Elizabeth Wright, School of the Art Institute of Chicago
Course: Earth Science
20 students

The Activity

We discuss the scientific method. Then I present an image entitled "The World of the Ancient Hebrews," which shows "the heavenly seat of the Divinity," "the waters above the firmament," the stars, planets and the floodgates through a solid barrier, "the firmament," "the waters below the firmament," the solid earth, the waters below the earth, and "Sheol," and we discuss it as a hypothesis. Why would they postulate waters below the earth? What are the floodgates for? What is Sheol? (a shadowy sort of underworld, not to be confused with the later Christian conception of hell.)

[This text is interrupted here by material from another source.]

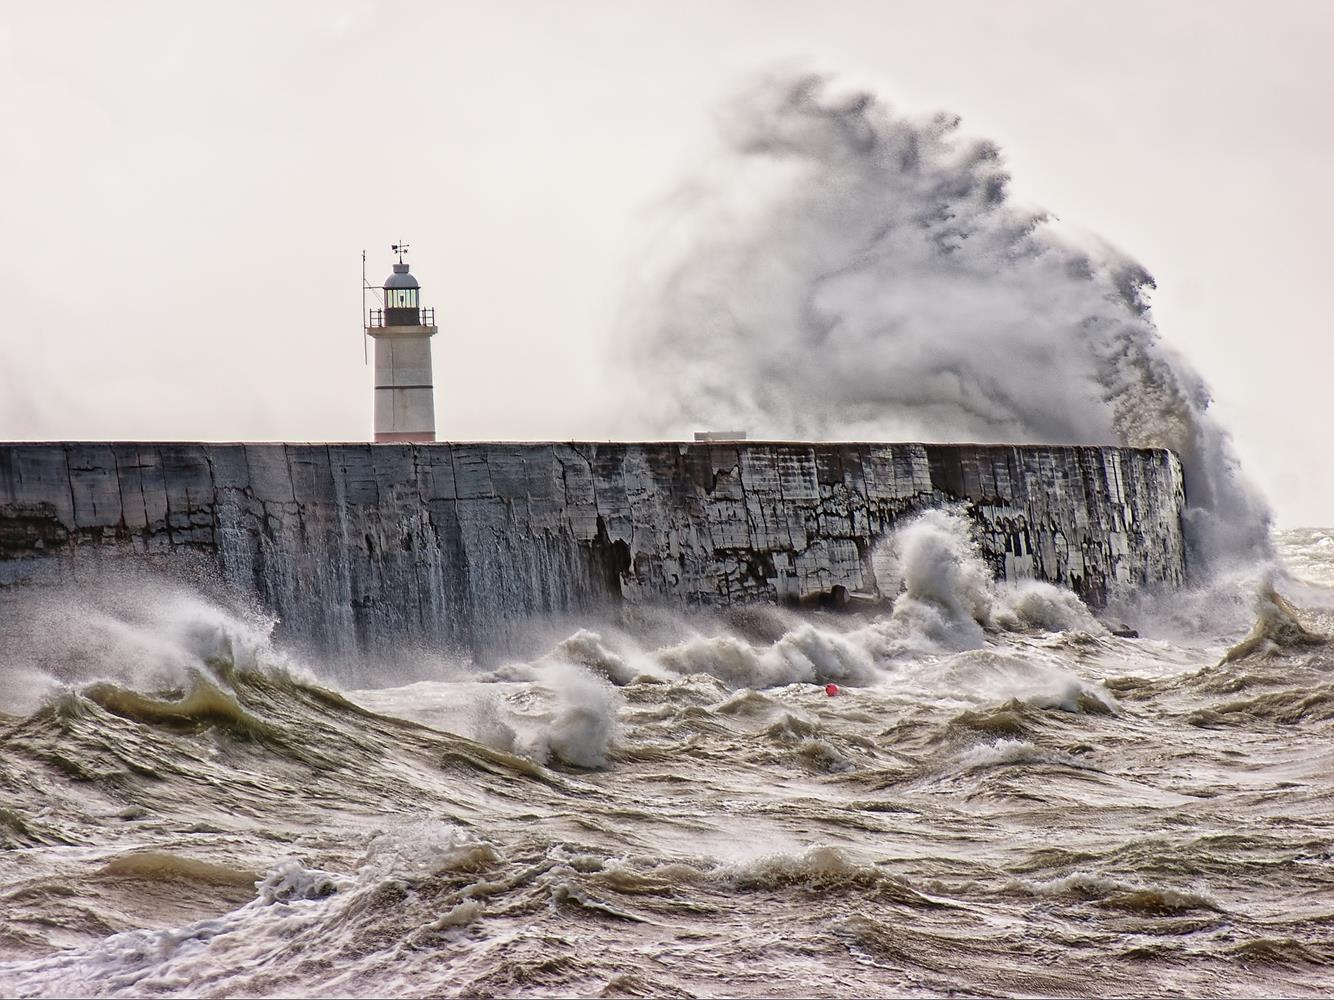 sea morze sztorm pogoda wiatr

How would they (the students) test this hypothesis, given modern technology? (They usually propose a space probe to look for the barrier between the firmament and the waters above the firmament.) We agree that this has already been done, and we would have to reject this particular hypothesis. This is the fate of most hypotheses.

But, I tell them, the ancient Hebrews got one thing exactly right: the earth is layered. If we remove the barriers and shake up the water, air and earth, what would we get? We agree on atmosphere, hydrosphere and solid earth. Why? They propose weight or density. Exactly! We discuss the layers of the solid earth and their densities. And what is the density of God or Sheol? No data, and no way to get any data. Therefore God and Sheol are outside the bounds of our (scientific) model.

This gets at the notion of hypothesis testing and letting the data decide, allows me to introduce the structure of the earth and the tools to discuss isostasy, and incidentally sets the boundaries between science and religion, which will come in handy when we get to evolution, which I ALWAYS try to do in my courses.